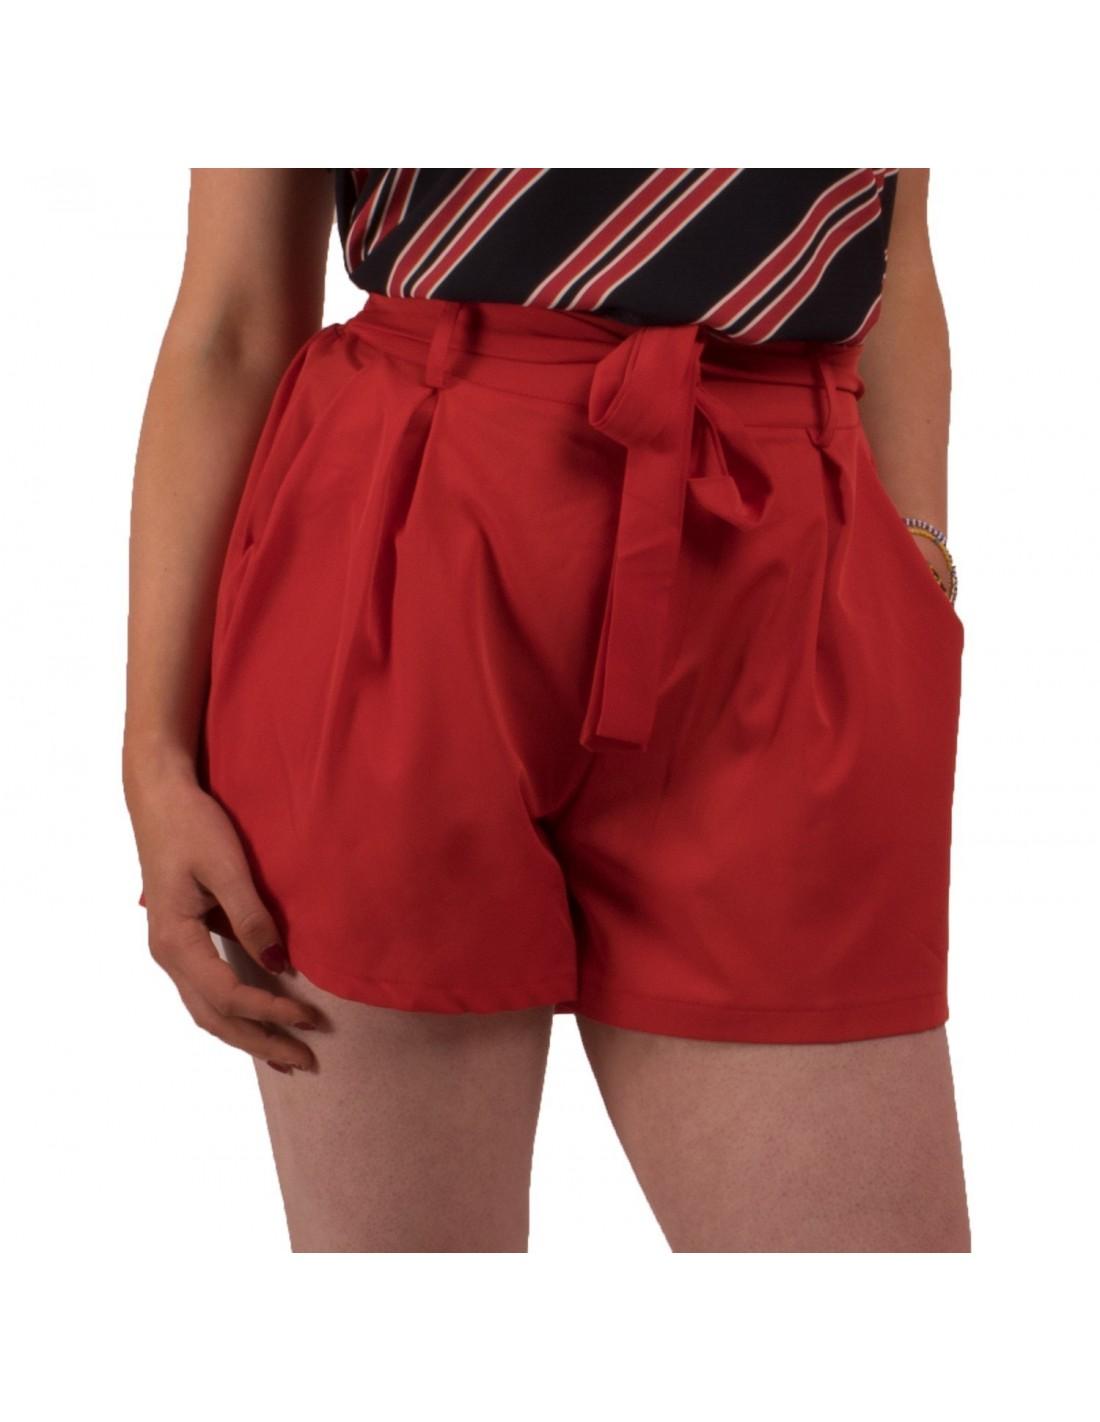 7d3d253e13 Short femme taille haute élastique ceinture noeud aspect fluide
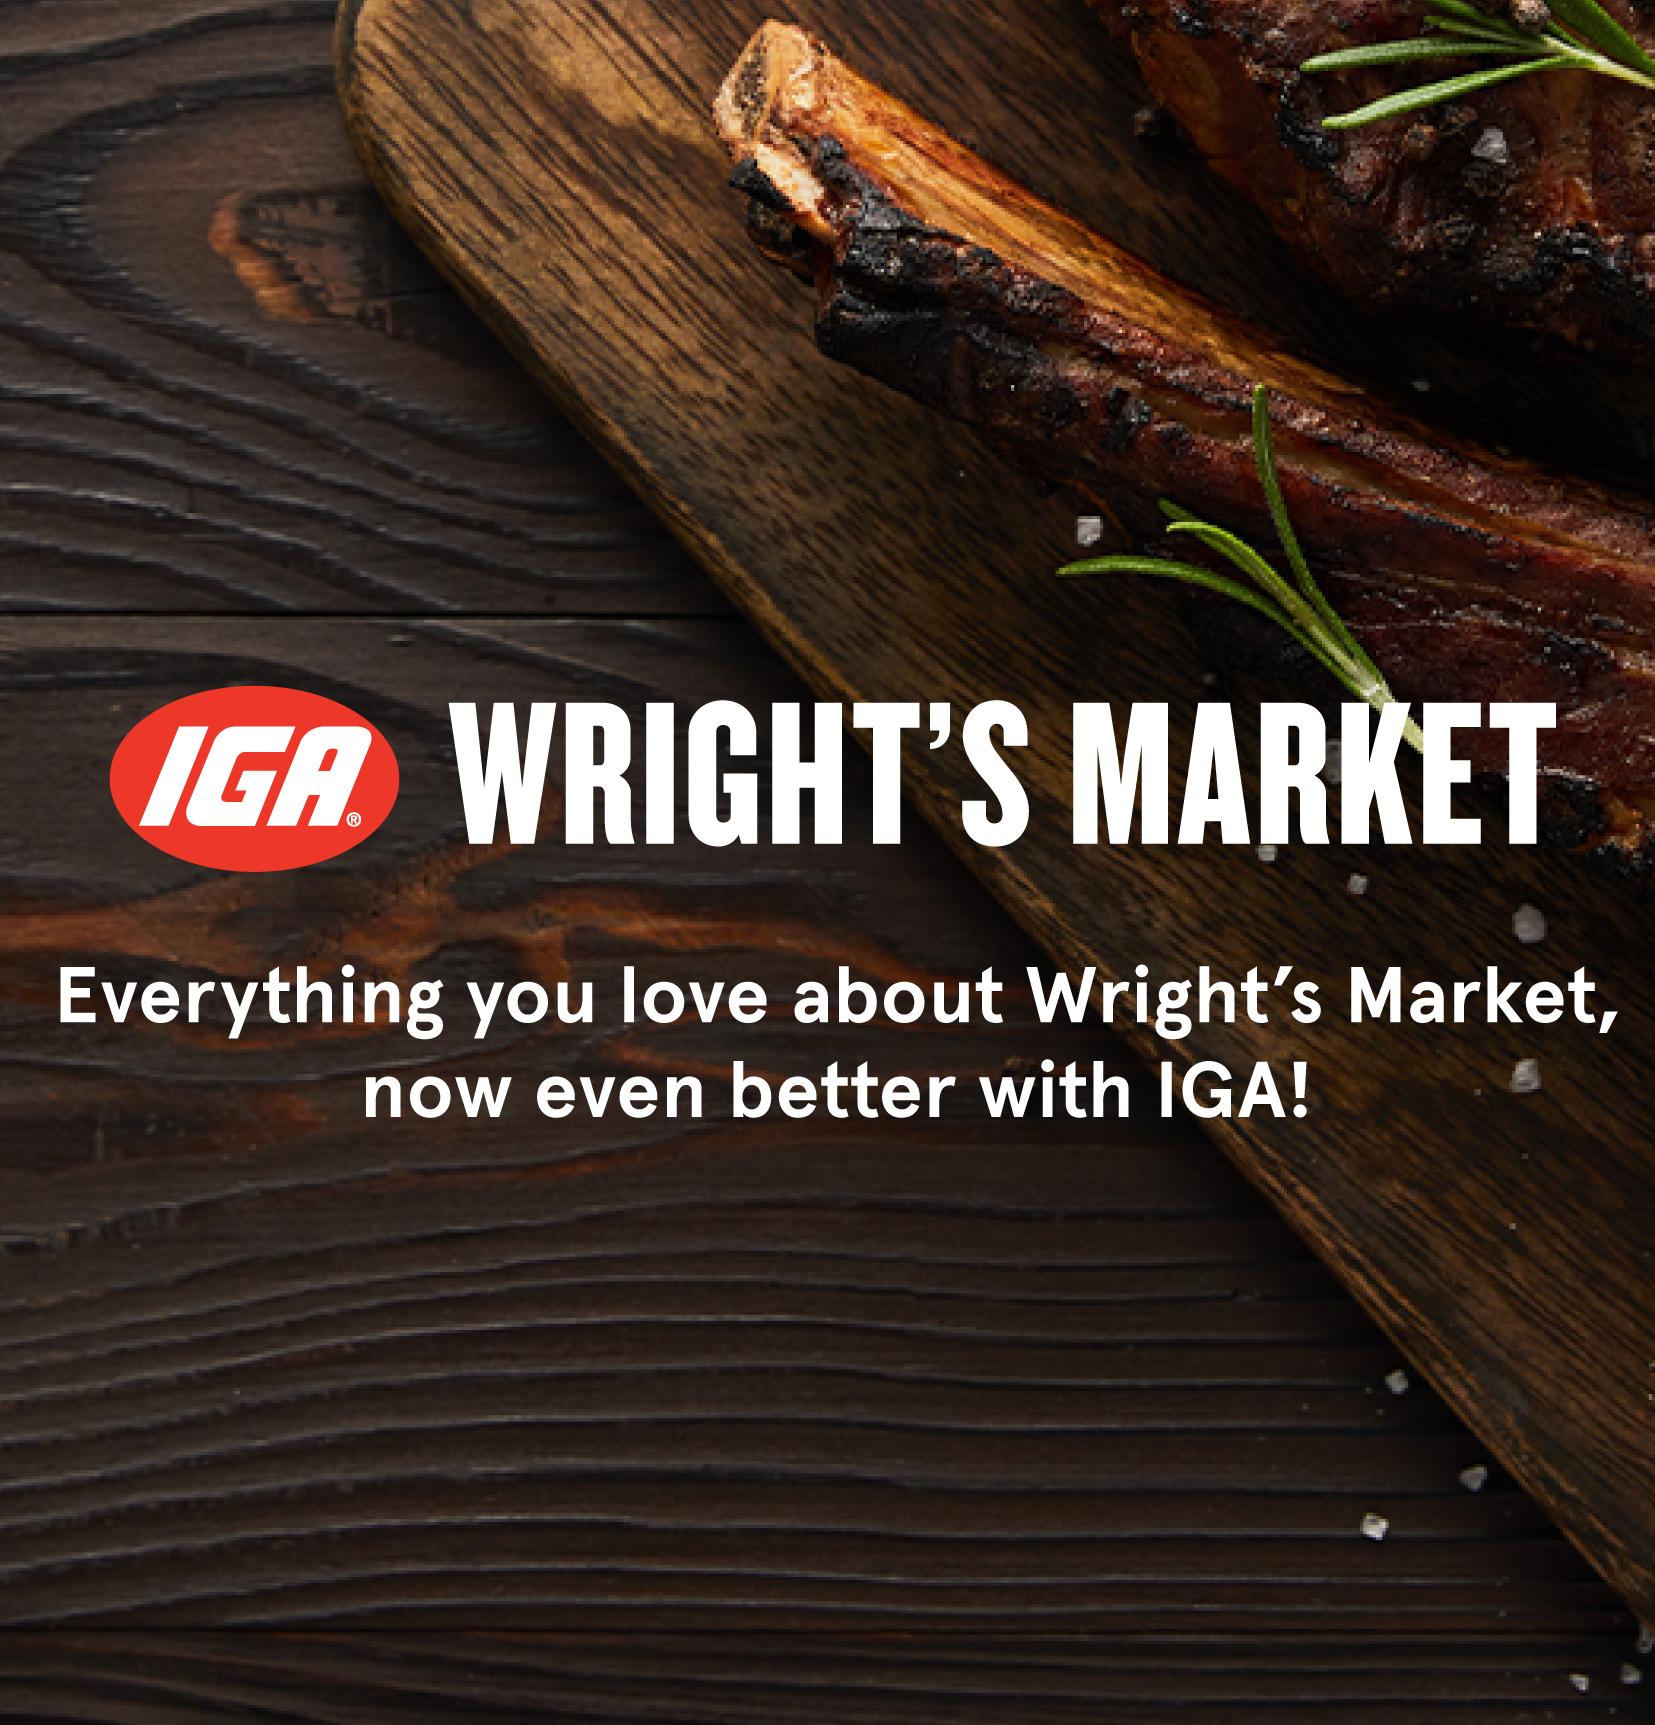 Image of Wright's Market logo on wood grain background
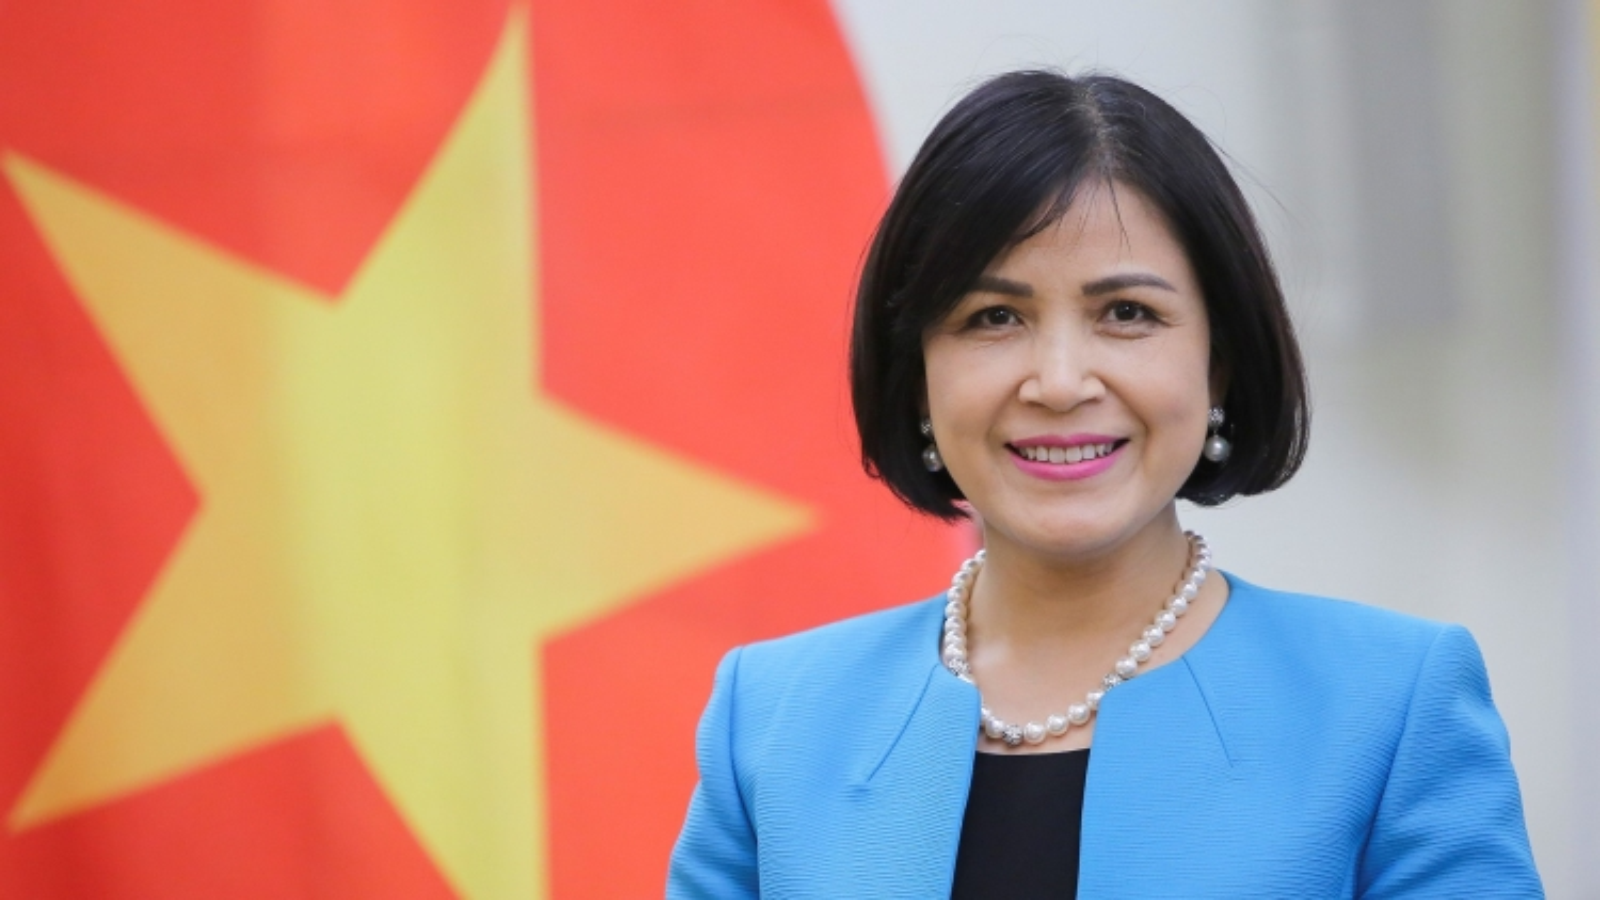 Việt Nam nỗ lực cao nhất để người dân được thụ hưởng các quyền con người cơ bản

▶ [GOAL OF THE EXERCISE]:
Transcribe, without alteration, each line from the one with "Image of Wright's" through the last line of the data; no pictures belong in the copy.

▶ [FINISHED TASK]:
 Image of Wright's Market logo on wood grain background
 Việt Nam nỗ lực cao nhất để người dân được thụ hưởng các quyền con người cơ bản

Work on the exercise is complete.